Following weeks of speculation, the communications director for the Government, Andy Coulson, has resigned.
Coulson made a statement this morning after coming under increasing scrutiny regarding allegations of phone hacking at the News of the World while he was editor.
The Prime Minister, David Cameron, had continually backed Coulson to remain in his post, but that did not prevent pressure continuing to mount.
Coulson this morning made a 'personal statement' in which he said that he was tired of the continued distraction of the allegations.
His statement read: "I can today confirm that I've resigned as Downing Street director of communications. It's been a privilege and an honour to work for David Cameron for three-and-a-half years.

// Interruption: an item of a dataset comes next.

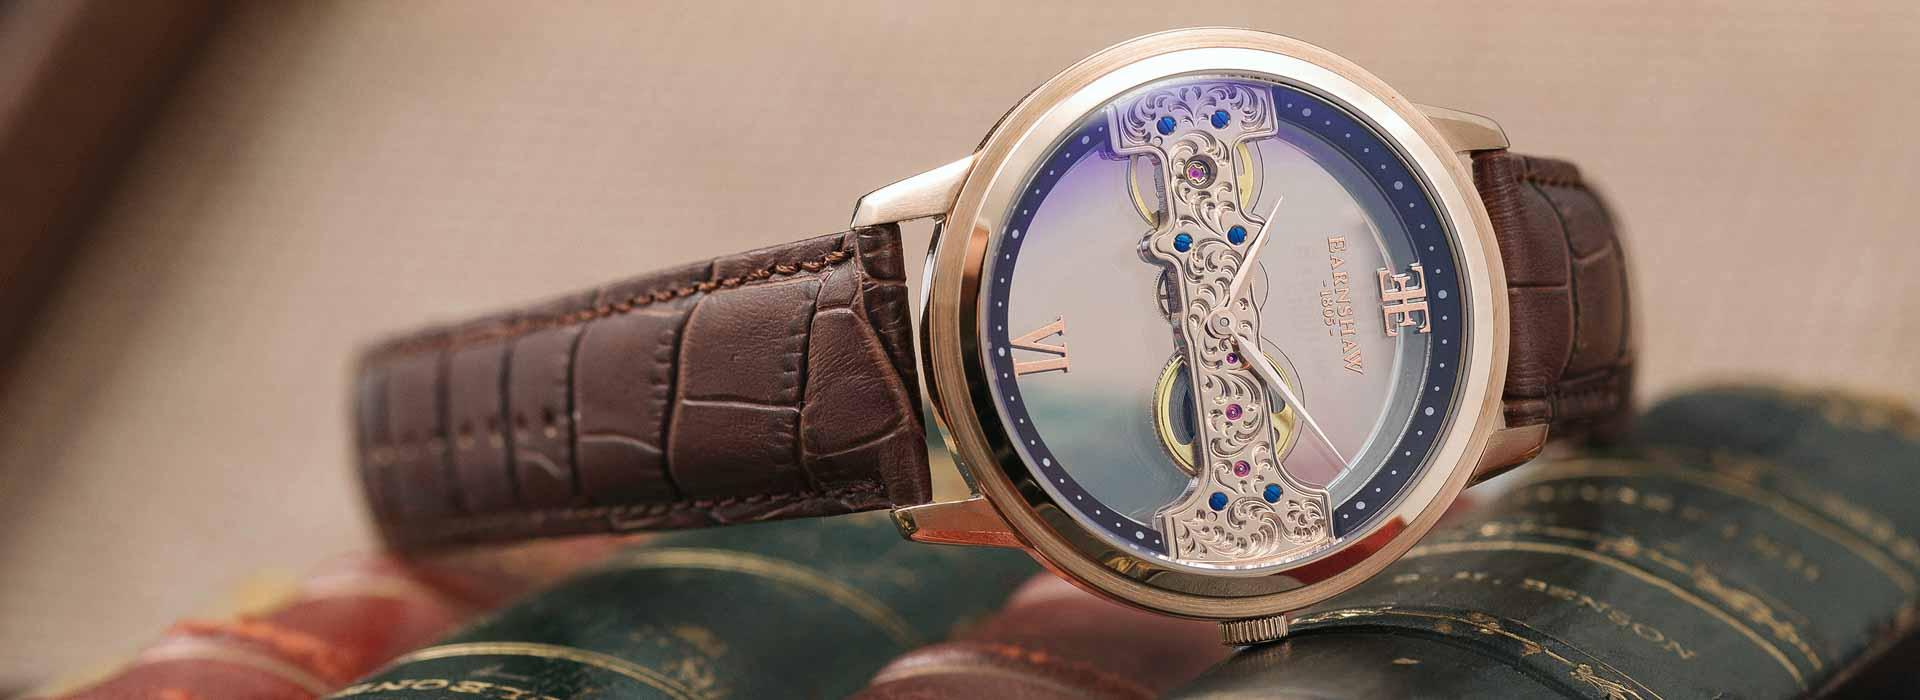 thomas earnshaw watches

"I'm extremely proud of the part I've played in helping him reach No 10 and during the coalition's first nine months.
"Nothing is more important than the Government's task of getting this country back on its feet.
"Unfortunately, continued coverage of events connected to my old job at the News of the World has made it difficult for me to give the 110% needed in this role.

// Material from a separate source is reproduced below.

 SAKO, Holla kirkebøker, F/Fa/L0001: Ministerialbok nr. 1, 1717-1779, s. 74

"I stand by what I've said about those events but when the spokesman needs a spokesman, it's time to move on.
"I'll leave within the next few weeks and will do so wishing the Prime Minister, his family, and his brilliant and dedicated team the very best for what I'm sure will be a long and successful future in Government.
"The allegations being made surrounded journalists at the News of the World allegedly hacking the mobile phones of prominent people, which led to the suspension of assistant editor Ian Edmonston last month."
Coulson resigned from his role as editor of The News of the World following the incarceration of Clive Goodman, former royal editor at the paper, over further phone hacking allegations.
It is understood that the Government has yet to begin its search for Coulson's successor.